June 8th, 2009 at 12:57 pm
The biggest problem with people “who say that they see wonderful acts of healing almost daily or weekly” is precisely the spiritual trauma they cause for people like the saint who raised this question.
It isn’t the Jesus way — it is the TBN way. It is also the Gnostic Jesus way. The Jesus of the gospels never ran around rubbing his power in people’s faces; he actually spends an inordinate (to our way of thinking) amount of time hiding his power, because it would be misunderstood and blasphemed.
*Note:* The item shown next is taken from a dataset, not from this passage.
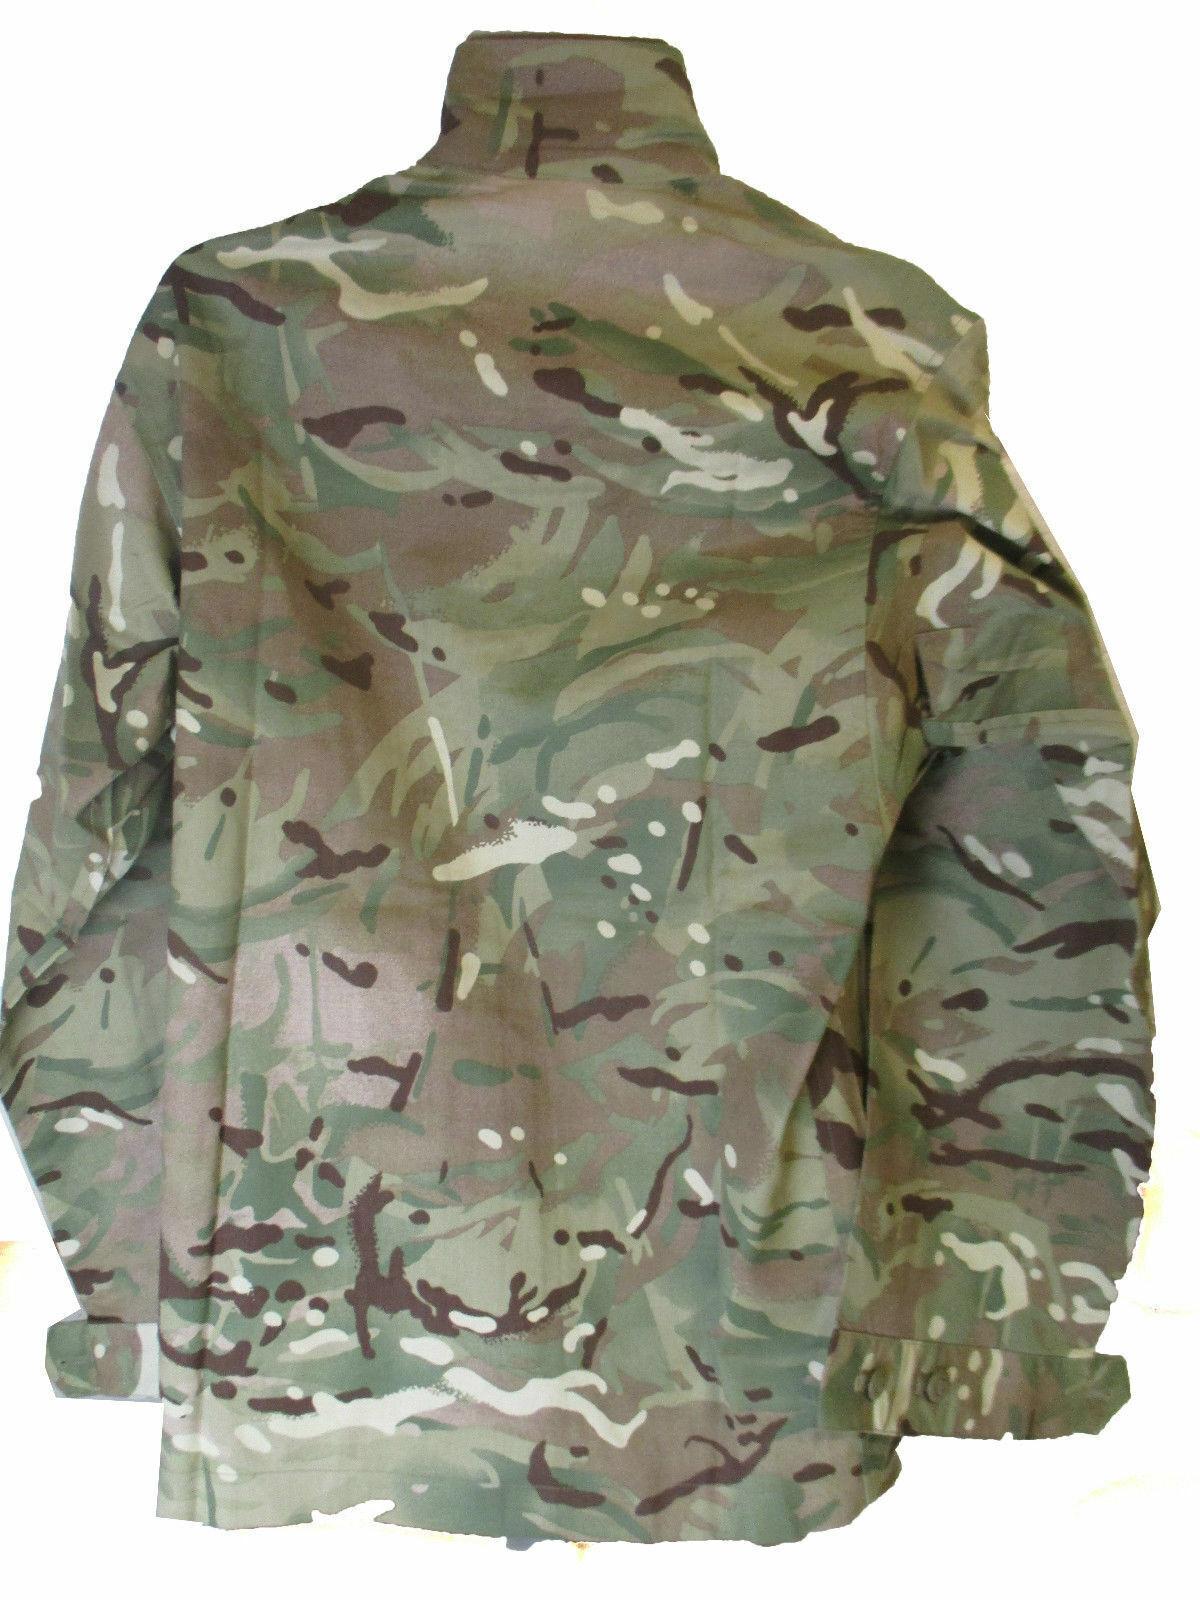 British Army MTP Multicam Warm Weather Jacket Used

So I agree with you, Patrick — who am I to judge another’s servant, indeed? But they could shut up about it a little bit.
June 8th, 2009 at 1:14 pm
Thanks for this, Patrick. I’ve been in the same place as the writer of the question. I may be there again someday. I have seen healing, although in every case I can think of, there were many people praying for it. I’ve also seen cases where healing did not come in spite of many prayers by many faithful people.
I think you hit on the biggest thing–we don’t get what we pray for because we don’t pray for God’s will. I think we should really put ourselves into asking God what we should pray. Our own, human judgment and understanding aren’t enough to discern that on our own.
There are a lot of folks who inflate the importance of their own prayers. In the majority of cases, I think this is unconscious and the result of good intentions. We experienced that with the death of a young friend a few years back. He was obviously dying, and in fact might have already been dead. One woman there was indignant that we weren’t trying harder, praying harder for his healing. It was clear that wasn’t going to happen. She is a woman of great faith, but I think not of great discernment.
June 8th, 2009 at 8:15 pm
I have witnessed more than a few things in this life when others who saw the same thing saw amazing acts of God and I saw something very natural with no need to spiritualize it. I think there are those people who spiritualize absolutely everything so God is in all. I don’t have a problem with those people … I’m just not one of them.